Being an impediment to forest destruction is necessary, but it gets old being a negative force, always jamming the gears of extraction and development. That’s why we’ve come up with something positive and proactive to do for our forest: We are developing a citizen’s alternative for the Forest Plan revision process. We are tapping the vast pool of knowledge and compassion in the biologists, recreationists, and other forest lovers in the area to design a management plan that will emphasize ecosystem health, self-reliance, and sustainability. We will construct this plan under the assumption that all life is sacred and deserving of respect. (Some people have questioned the need to extend this to mosquitoes and biting flies, but I think we can win them over once the skis have come out again.) Intangible values, such as the value of wild places to the health of the soul, and very tangible but ignored values, such as the importance of a fully populated, naturally self-regulating and interconnected, not isolated, system of wild areas, will help guide us.
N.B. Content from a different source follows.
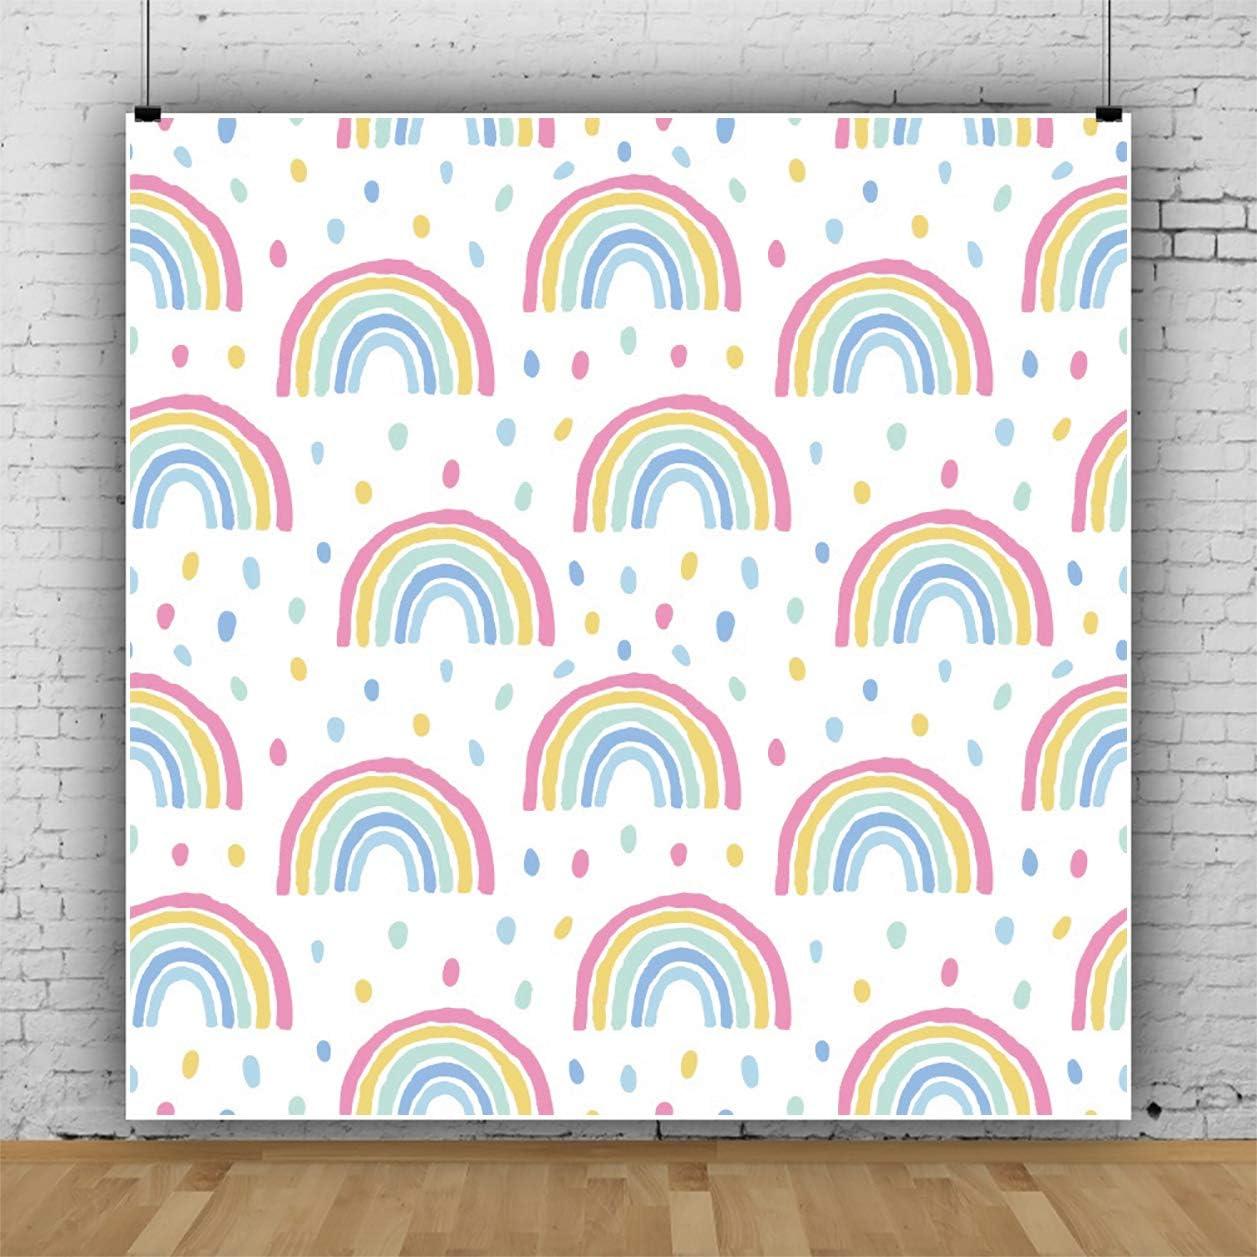 YEELE Rainbow and Raindrops Backdrop 6.5x6.5ft Pastel Color Baby Shower Photography Background Birthday Party Kindergarten Children Nursery Room Decoration Photo Booth Props Vinyl Studio Wallpaper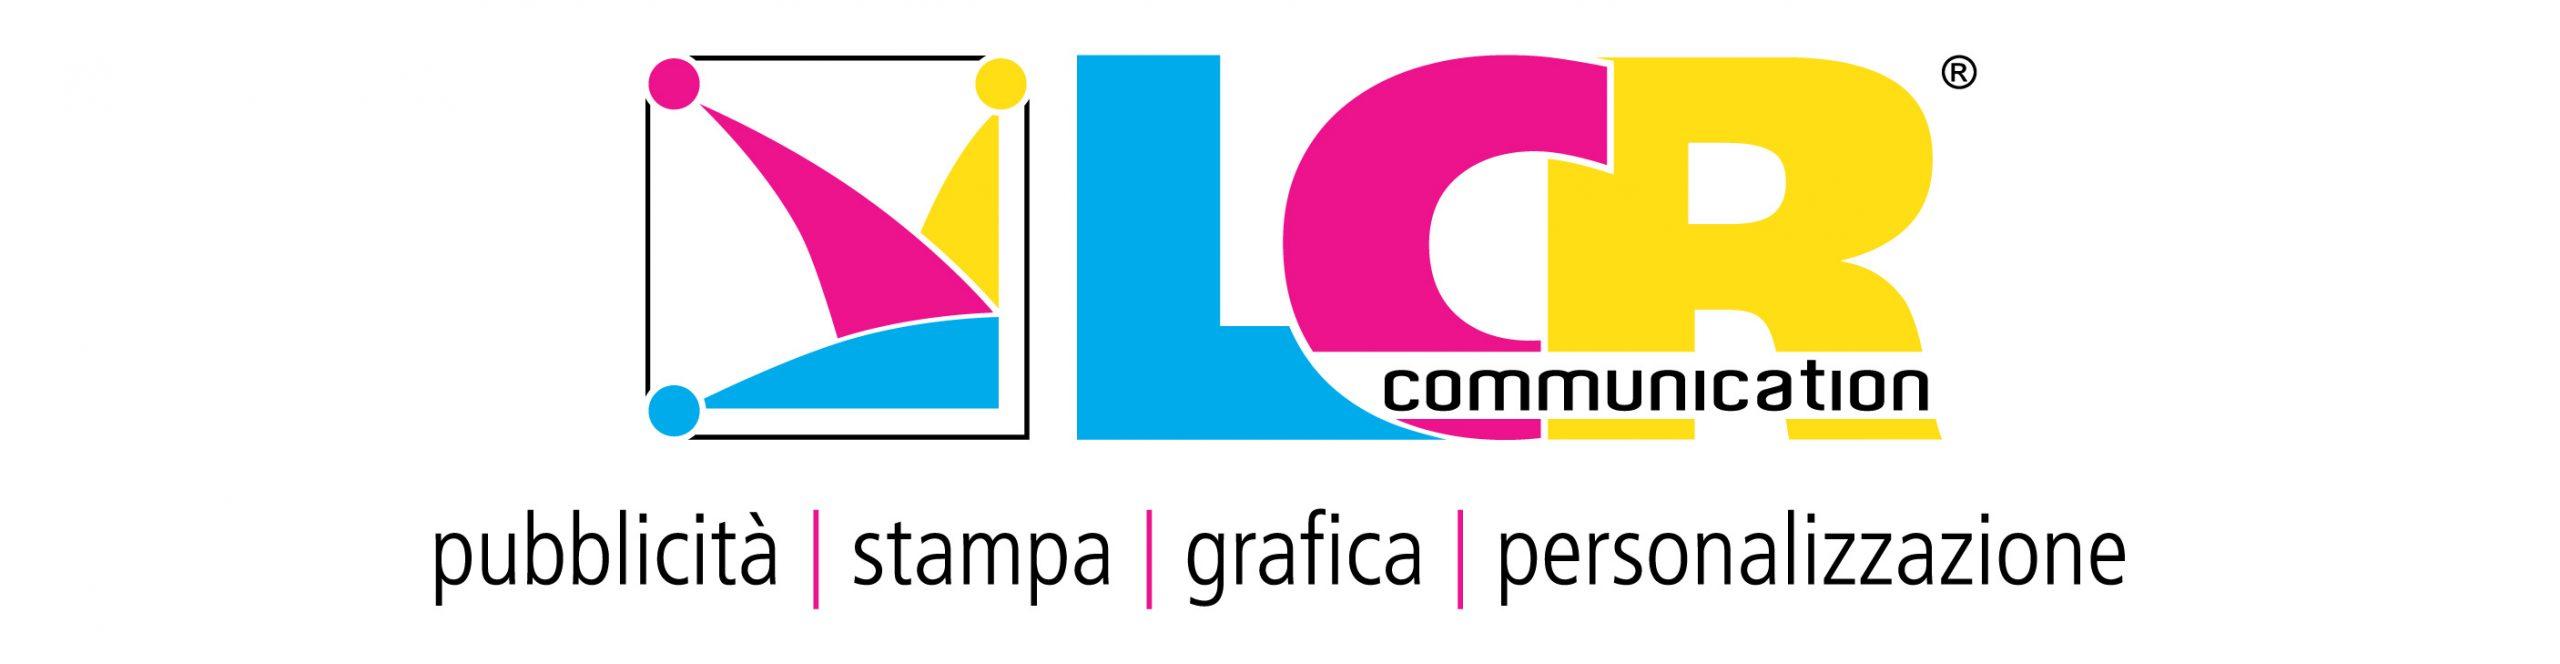 LCR Communication

An ambitious project, but not a new idea — the Southern Rockies Ecosystem Project has created a fine model. The Utah Wilderness Coalition’s wilderness inventory criteria has also provided a fine model for our wilderness proposal, a key component of the citizen’s alternative and already complete.

All right, it might be an overwhelmingly busy Friday, but I feel like I’m sitting on the shoulders of giants. There is strength in diversity, and there is strength in sharing what we learn. Now, back to that fascinating section of the DEIS for the GSRMP detailing PFCs for the PCUs in the AERP.